O pinhão negro é colocado em big bags de 1000kg e para o início do descasque é colocado num tegão dentro de água durante cerca de 10 horas “para o miolo ficar com mais humidade e aguentar as fases seguintes sem se partir”. Depois descansa cerca de 12 horas e passa para um secador de ar quente onde sofre um choque térmico a cerca de 65°, alimentado por uma caldeira a gás. “Este choque é para provocar uma fissura na casca do pinhão”, explica o responsável, para que depois se parta quando o pinhão é disparado por um ventilador contra uma parede de aço.
Lavado, seco e escovado
O miolo é separado grosseiramente da casca e vai numa peneira para três bocas: para uma segue o pinhão que não se partiu para ser disparado novamente, noutra sai a casca e na terceira o pinhão (ainda com alguma casca e pele), que é separado por tamanho. Segue posteriormente para um separador a ar que retira os restos de casca e as peles.

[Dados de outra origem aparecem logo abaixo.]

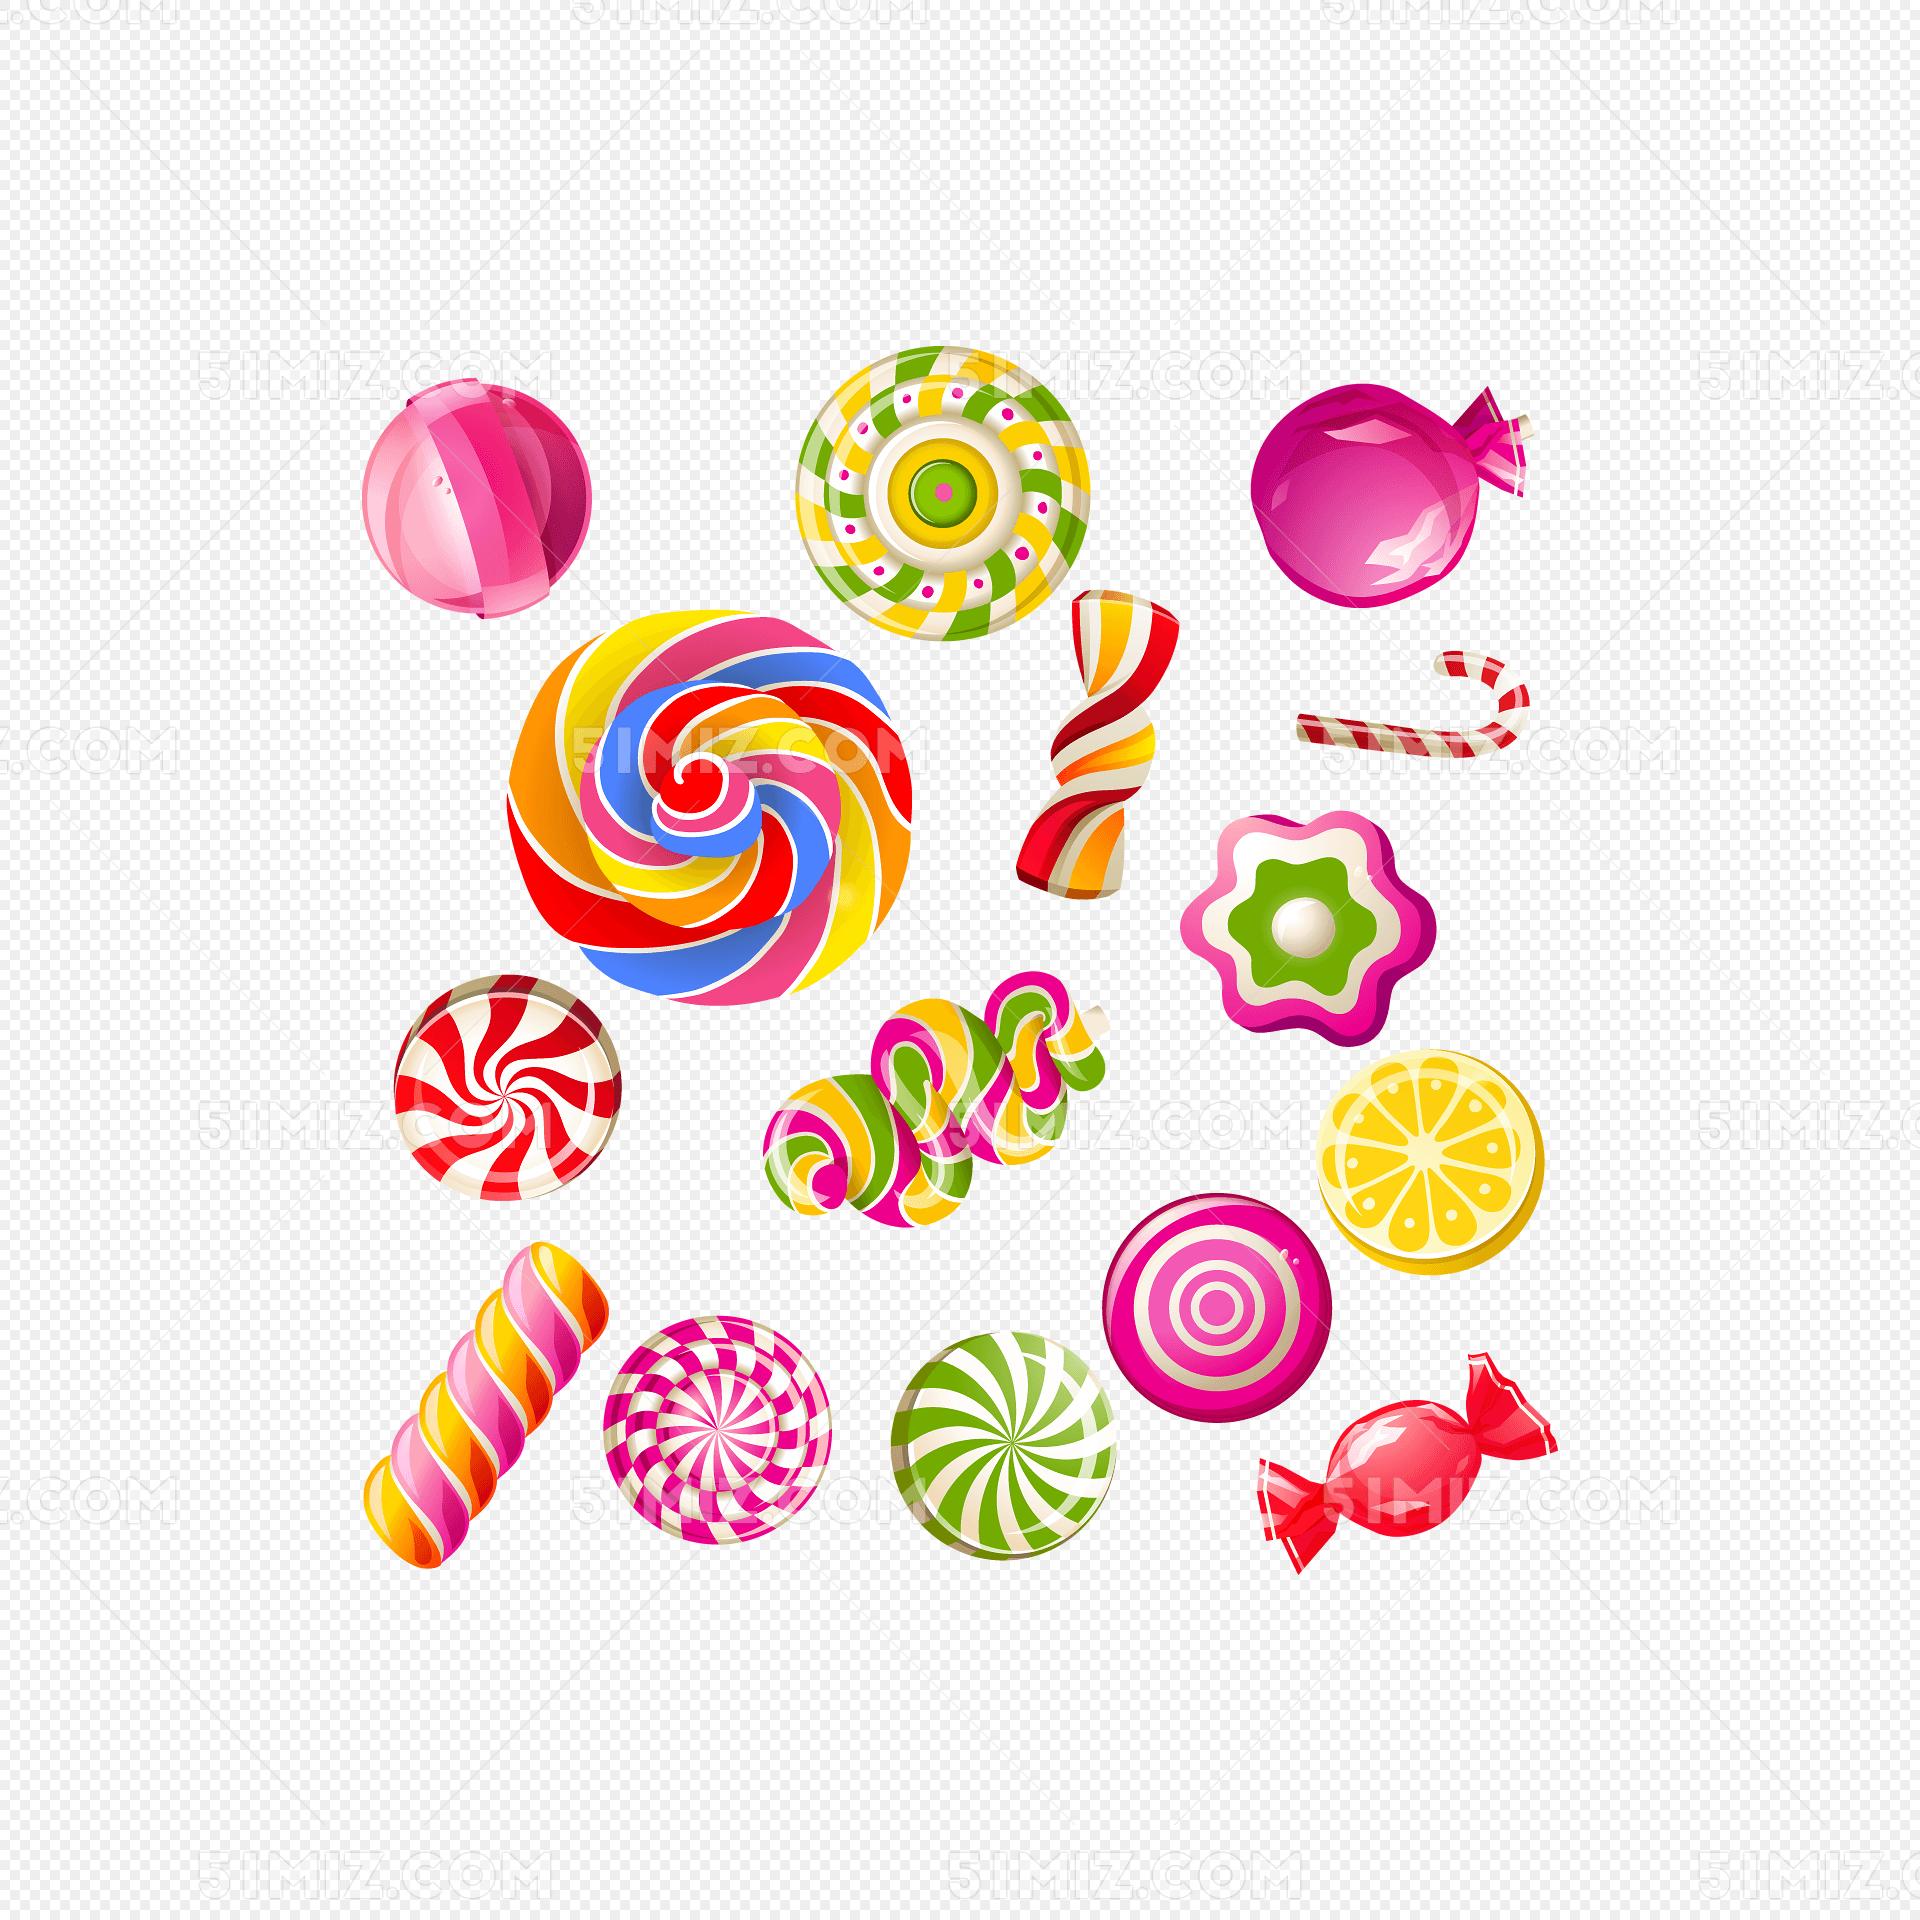 水果 彩色糖果矢量图

O miolo de pinhão vai depois para um jacuzzi (um lavador que tem ume rede de sprinklers) de água fria e segue para um secador onde a temperatura é superior a 75° “para matar todas as bactérias que possam existir e coloca o miolo com o nível de humidade natural, isto é cerca de 4,5%”. Por último passa por uma refrigeradora e é escovado “para lhe dar brilho”. É colocado em caixas especiais de esferovite e colocado na câmara frigorífica a 10°, sendo embalado depois de acordo com as encomendas.
A unidade fabril da PineFlavour tem 624 metros quadrados e foi construída com preocupações “ambientais e de consumo”, como “o aproveitamento de águas pluviais ou a iluminação led”. Além da área fabril de processamento da matéria-prima, a unidade está equipada com um laboratório para analisar o produto.
Quebra de produção de 25%
A campanha de apanha da pinha decorre de 15 de dezembro a 31 de março, como referimos no texto em cima. A análise do SIMA – Sistema de Informação de Mercados Agrícolas, sobre fruticultura, referente à semana de 11 a 17 de dezembro dizia: “Prevê-se um ano com pouca produção e colheita de pinha. A produção de pinha é bastante inferior à do ano passado”.

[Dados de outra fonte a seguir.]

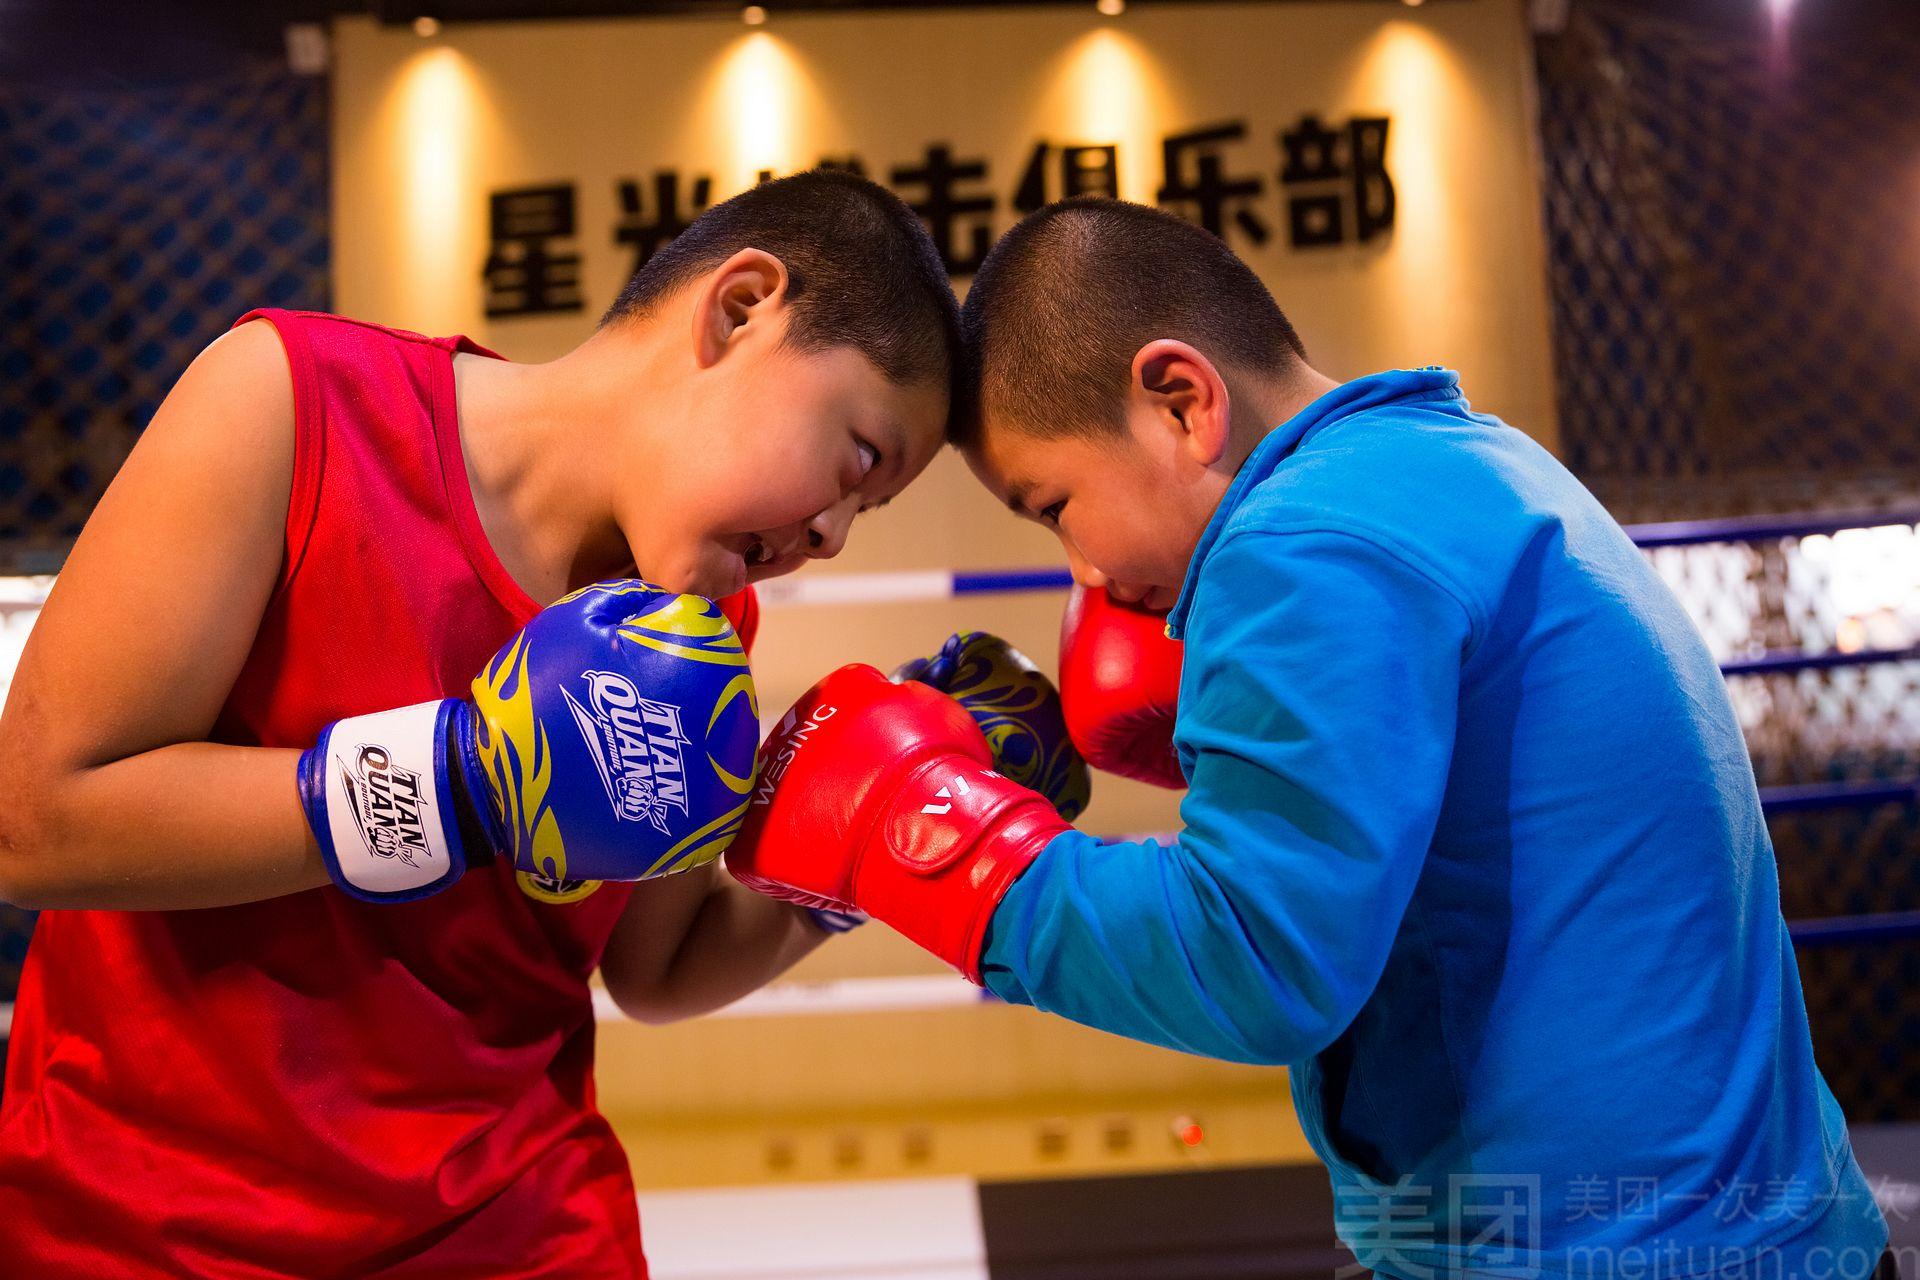 【星光搏击俱乐部】儿童散打/拳击/菲律宾棍体验课

Já este ano, a análise da semana de 08 a 14 de janeiro, atestava: “Confirma-se a previsão inicial de uma quebra acentuada da pinha em relação ao ano passado, em cerca de 25%”, salientando que “a apanha vai a meio” e que há uma “procura alta” de pinhão.
As transações da pinha situam-se entre os 0,90€ e 1,00€/kg. Geralmente convenciona-se que quatro pinhas equivalem a 1 kg.